TimeSeriesPredictor.evaluate¶

Evaluate the forecast accuracy for given dataset.

This method measures the forecast accuracy using the last self.prediction_length time steps of each time series in data as a hold-out set.

Note

Metrics are always reported in ‘higher is better’ format. This means that metrics such as MASE or MAPE will be multiplied by -1, so their values will be negative. This is necessary to avoid the user needing to know the metric to understand if higher is better when looking at the evaluation results.

Parameters:

data (Union[TimeSeriesDataFrame, pd.DataFrame, Path, str]) –
The data to evaluate the best model on. If a cutoff is not provided, the last prediction_length time steps of each time series in data will be held out for prediction and forecast accuracy will be calculated on these time steps. When a cutoff is provided, the -cutoff-th to the -cutoff + prediction_length-th time steps of each time series are used for evaluation.

Must include both historical and future data (i.e., length of all time series in data must be at least prediction_length + 1, if cutoff is not provided, -cutoff + 1 otherwise).

The names and dtypes of columns and static features in data must match the train_data used to train the predictor.

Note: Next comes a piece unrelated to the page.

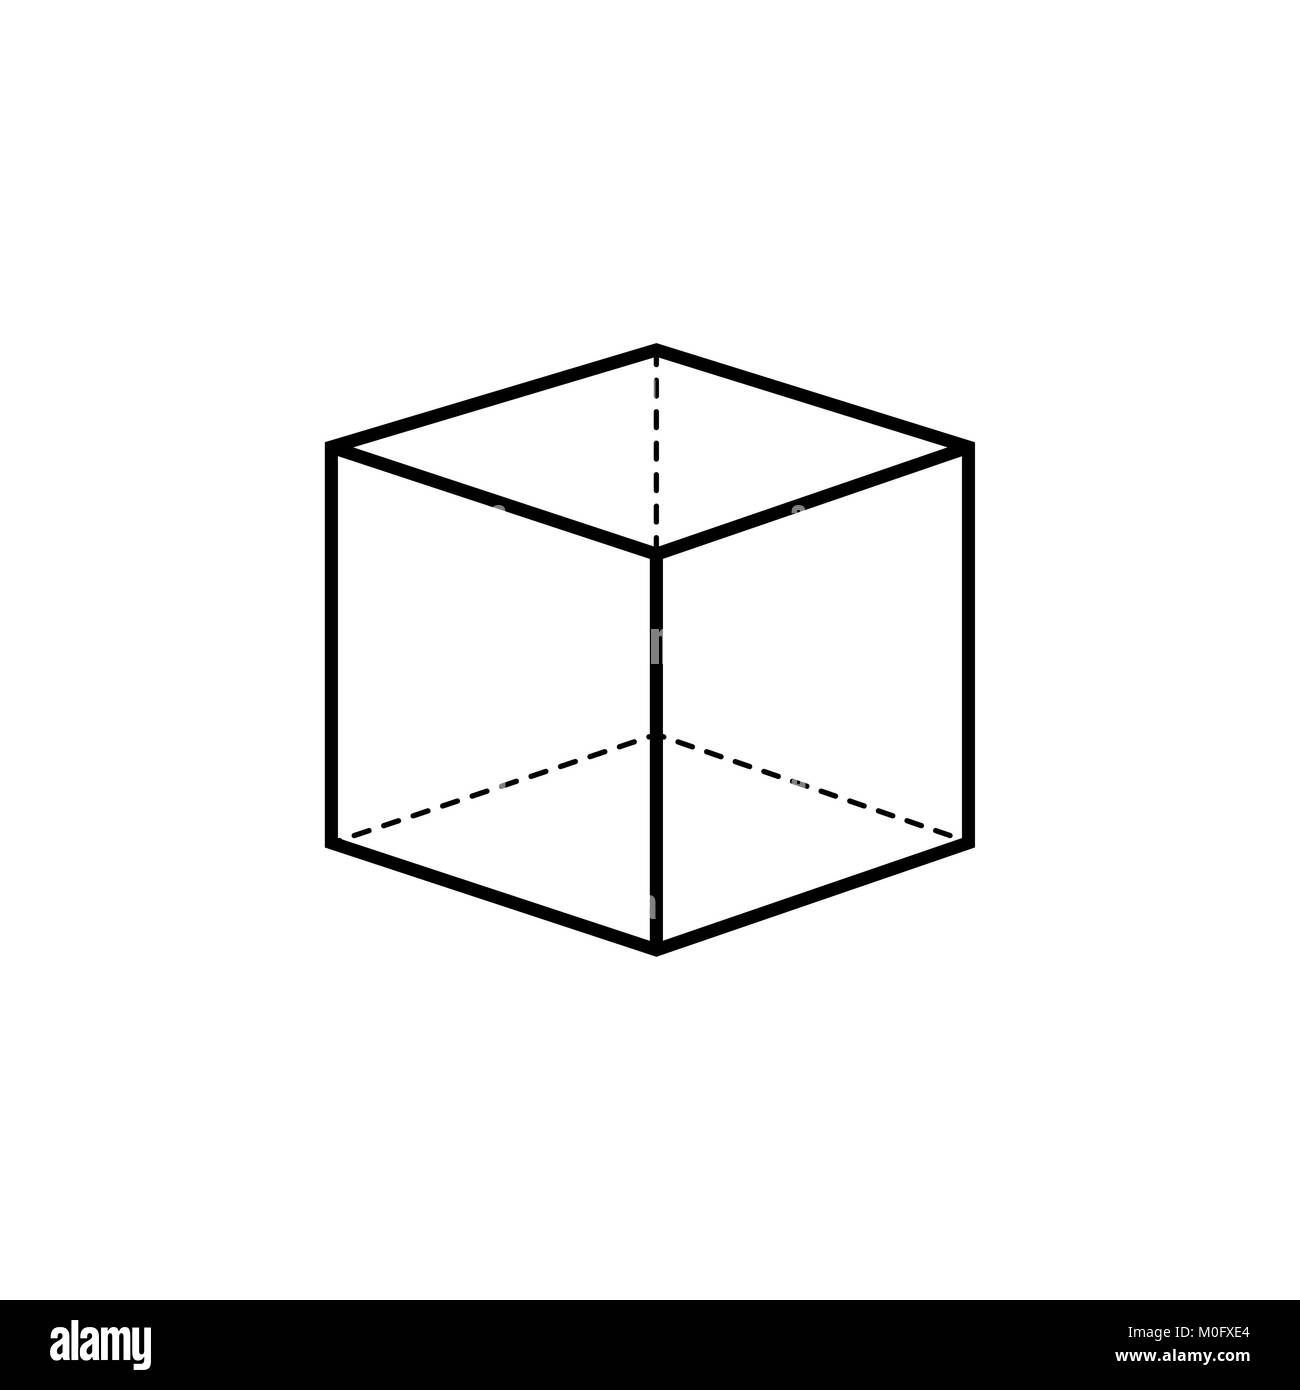 How to Draw 3D Cubes and Freehand Stars

If provided data is a pandas.DataFrame, AutoGluon will attempt to convert it to a TimeSeriesDataFrame. If a str or a Path is provided, AutoGluon will attempt to load this file.
model (str, optional) – Name of the model that you would like to evaluate. By default, the best model during training (with highest validation score) will be used.
metrics (str, TimeSeriesScorer or list[Union[str, TimeSeriesScorer]], optional) – Metric or a list of metrics to compute scores with. Defaults to self.eval_metric. Supports both metric names as strings and custom metrics based on TimeSeriesScorer.
cutoff (int, optional) – A negative integer less than or equal to -1 * prediction_length denoting the time step in data where the forecast evaluation starts, i.e., time series are evaluated from the -cutoff-th to the -cutoff + prediction_length-th time step. Defaults to -1 * prediction_length, using the last prediction_length time steps of each time series for evaluation.
display (bool, default = False) – If True, the scores will be printed.
use_cache (bool, default = True) – If True, will attempt to use the cached predictions. If False, cached predictions will be ignored. This argument is ignored if cache_predictions was set to False when creating the TimeSeriesPredictor.

Returns:

scores_dict – Dictionary where keys = metrics, values = performance along each metric. For consistency, error metrics will have their signs flipped to obey this convention. For example, negative MAPE values will be reported. To get the eval_metric score, do output[predictor.eval_metric.name].

Return type:

dict[str, float]